# Glencoe White House and Capitol Building?



## JamesDFarrow (Sep 18, 1999)

Anyone ever get these?

The White House is supposedly 17" wide x 14" deep x 8" high.
Also supposedly includes 40mm figures of the first 36 US Presidents.

The Capitol Building is supposedly 26" wide x 10" deep x 10" high.
This would be great for a Earth Vs The Flying Saucers diorama. LOL!

What's the quality like? The figures are dang small too? LOL!

Was thinking about getting these. Any opinions?

Thanks,

James


----------



## flyingfrets (Oct 19, 2001)

Had 'em years ago by the original manufacturer (Lifelike?). Detail is fair to average (the molds are pretty old & to my knowledge haven't been updated). Nice kits from a historic perspective...

"Earth vs. The Flying Saucers?"...:thumbsup: There's a use I never would've envisioned!


----------



## heiki (Aug 8, 1999)

Somebody makes a kit/after market add-on like this. 

Tailhook? CultTVman? Dave Merryman? anyone?


----------



## Dave Hussey (Nov 20, 1998)

Huzz to the rescue!!!

Shyhook Models makes a replacement dome with embedded saucer. Here it is!
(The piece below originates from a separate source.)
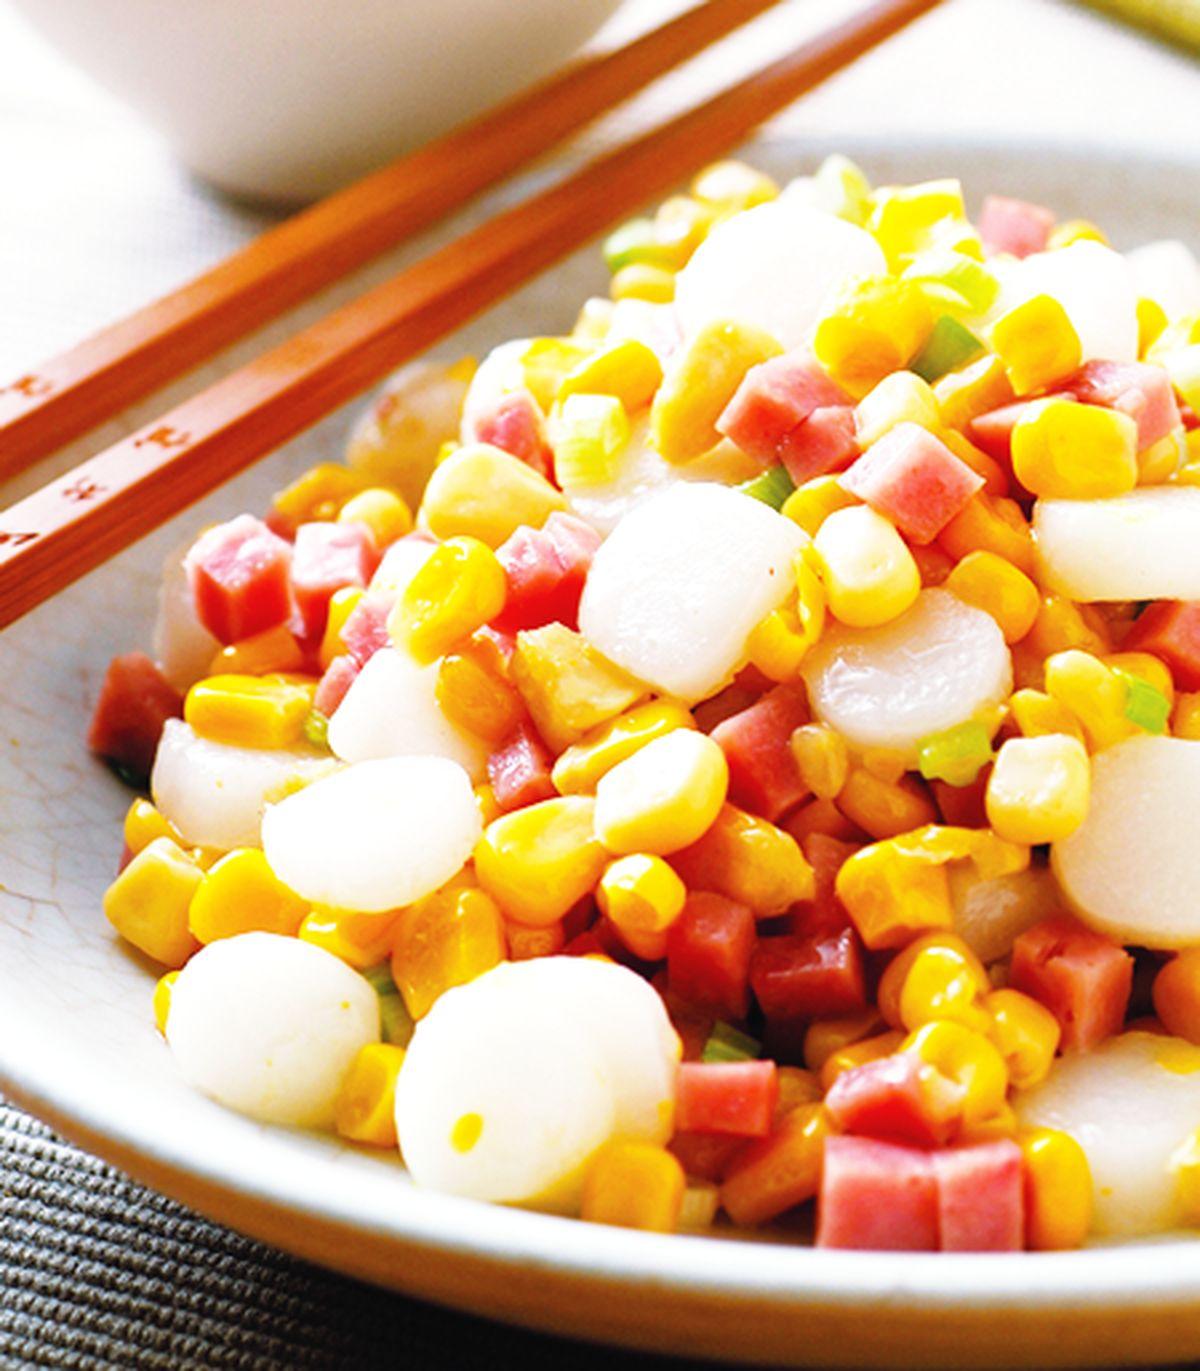 食譜:雙色玉米炒年糕

http://www.skyhookmodels.com/models.htm

Huzz


----------



## compucrap (Dec 16, 2000)

I too wonder about the quality of details on these buildings. Just how crisp is everything?

thanks,
Josh


----------



## Ignatz (Jun 20, 2000)

Plastic is sort of thick-ish, detail is reasonably crisp (to me). But these were edu-ma-cational kits, not exacting replicas, so there's plenty of shortcuts in the details, like no windows on the dome. Regardless, I think they make pretty impressive models. Glencoe--last kit company standing!


----------